This example was carried out using a procedure similar to example 1, except that: and replacing the threaded steel fiber I with the threaded steel fiber II with the same volume doping amount.

And preparing the ultra-high performance concrete.

Example 5

This example was carried out using a procedure similar to example 1, except that: the volume doping amount of the threaded steel fiber I is adjusted from 2% to 0.5%.

And preparing the ultra-high performance concrete.

Comparative example 1

This comparative example was carried out using a procedure similar to that of example 1, substituting the threaded steel fibers I with equal volume amounts of straight steel fibers.

And preparing the ultra-high performance concrete.

Comparative example 2

This comparative example was conducted using a procedure similar to example 1, except that: and replacing the threaded steel fiber I with end hook type steel fiber with equal volume doping amount.

And preparing the ultra-high performance concrete.

Comparative example 3

This comparative example was conducted using a procedure similar to example 1, except that: the volume doping amount of the threaded steel fiber I is adjusted from 2% to 3.5%.

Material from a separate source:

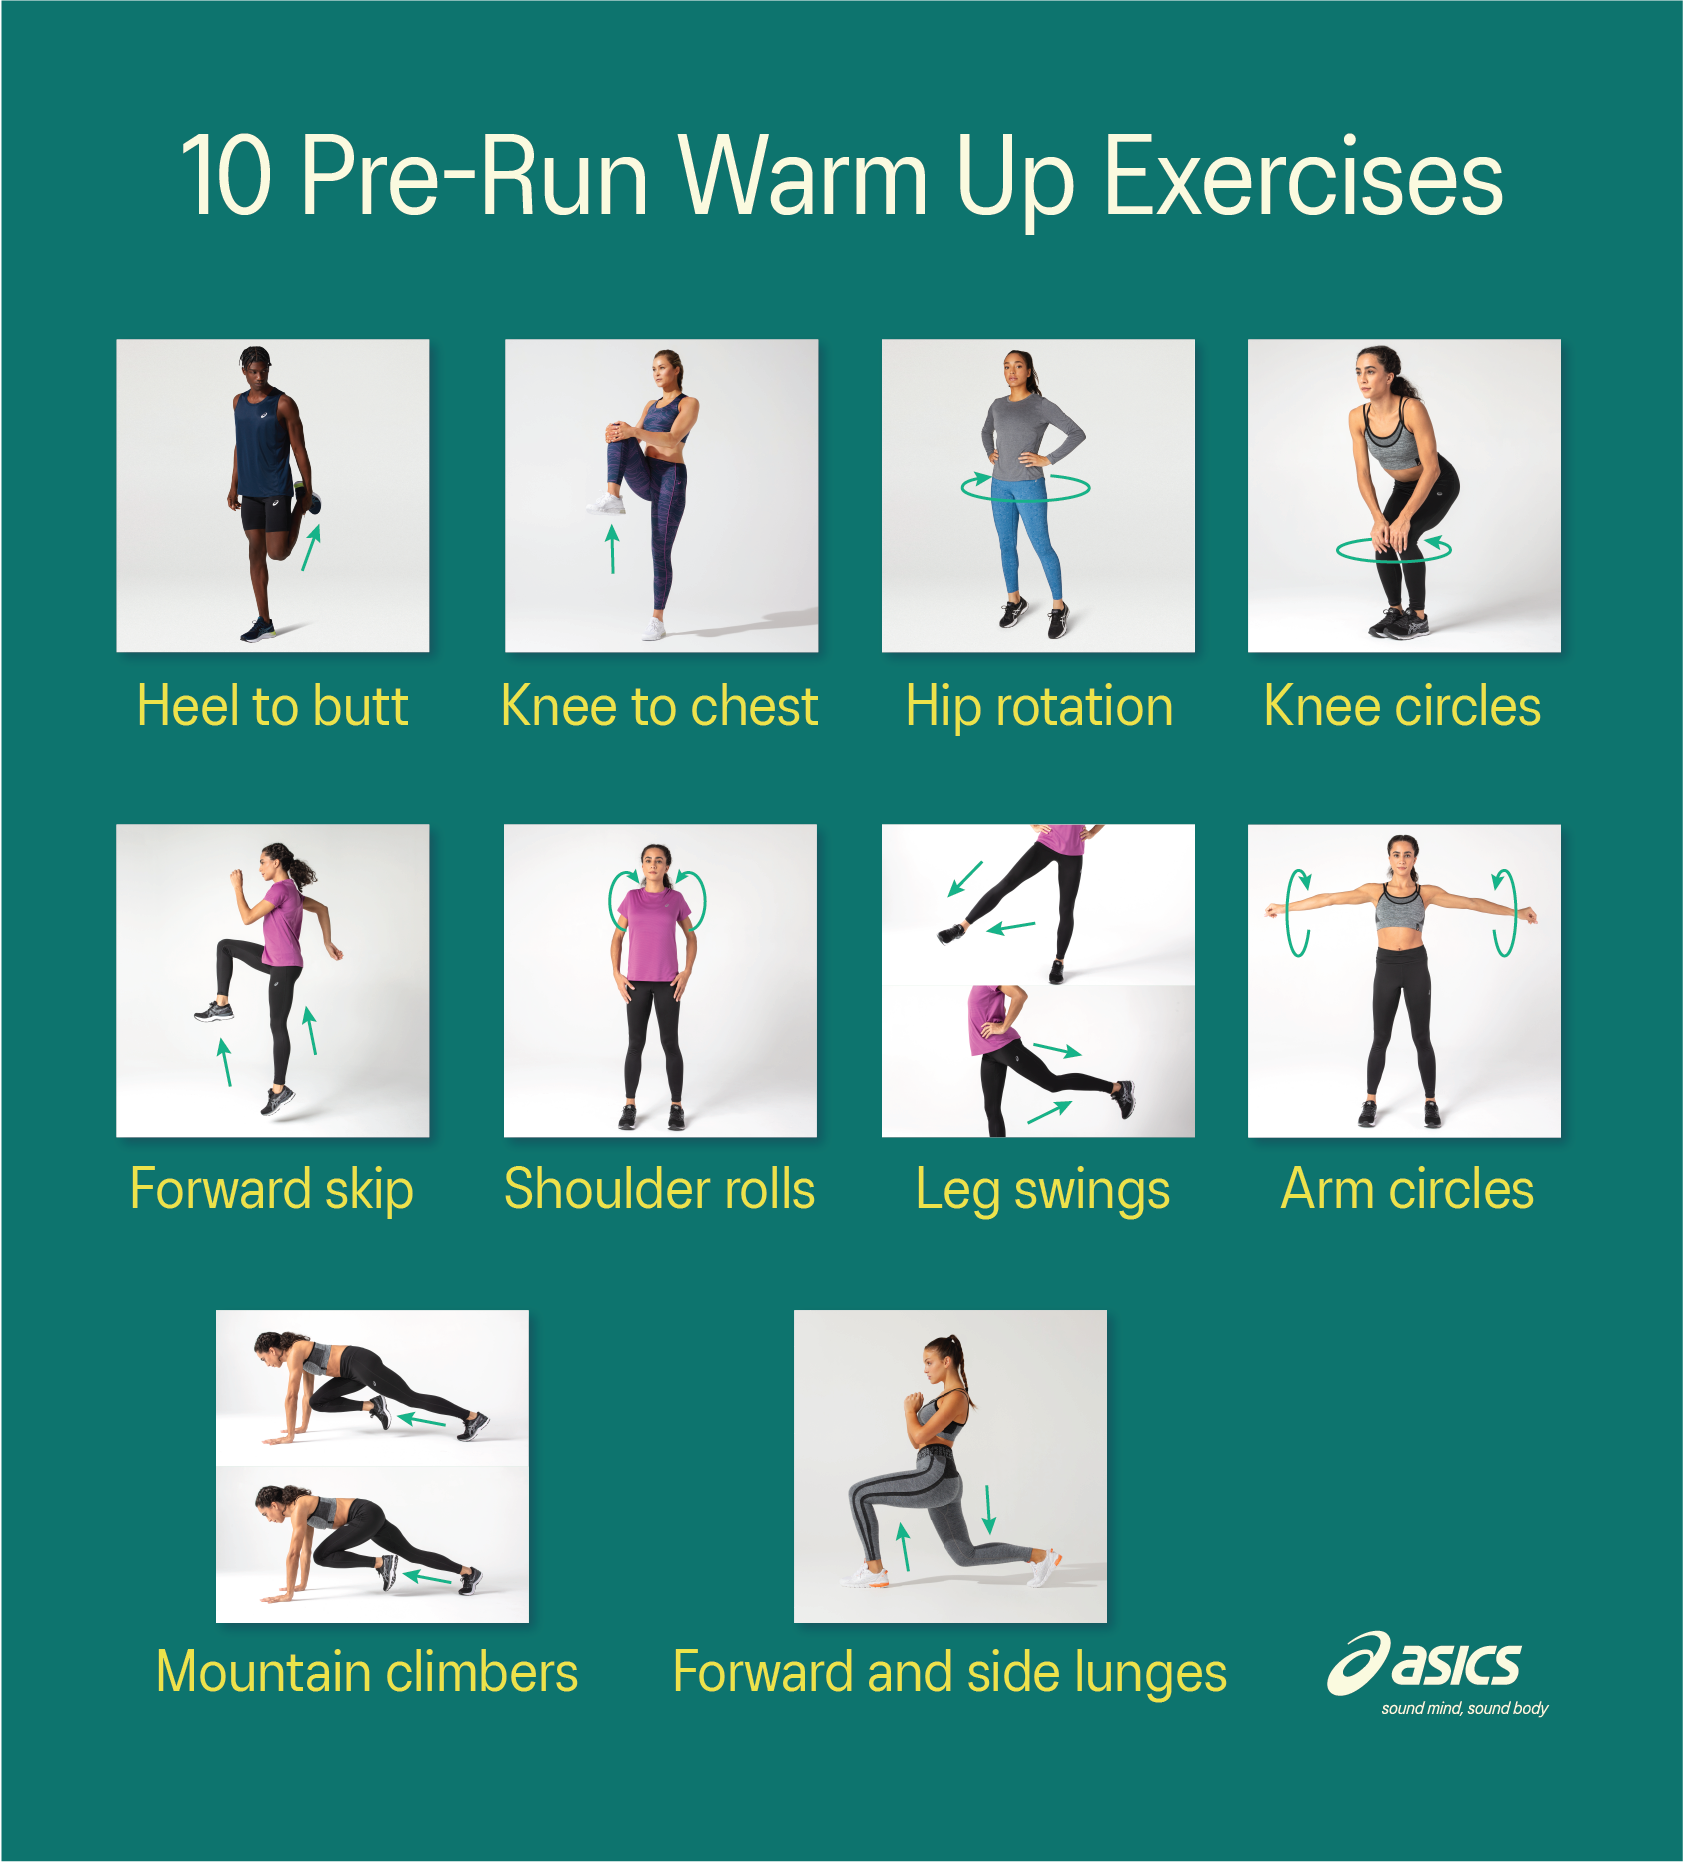 10 Pre-Run Techniques for Warming Up

And preparing the ultra-high performance concrete.

Comparative example 4

This comparative example was conducted using a procedure similar to example 1, except that: the silica fume I was replaced with an equal weight of silica fume II.

And preparing the ultra-high performance concrete.

Comparative example 5

This comparative example was conducted using a procedure similar to example 1, except that: the amount of fine aggregate in the composition is adjusted.

And preparing the ultra-high performance concrete.

TABLE 2

Test case

The ultra-high performance concrete prepared in each example and comparative example was subjected to performance test.

The bending strength testing method comprises the following steps: reference is made to GB 50081-2019 for a bending performance test using an MTS Landmark type tester manufactured by Meter Industrial systems, inc. of America. The results are shown in Table 3.

The compressive strength testing method comprises the following steps: reference is made to GB 50081-2019 for testing using an INSTRON model 1346 universal materials testing machine manufactured by INSTRON corporation, england. The results are shown in Table 3.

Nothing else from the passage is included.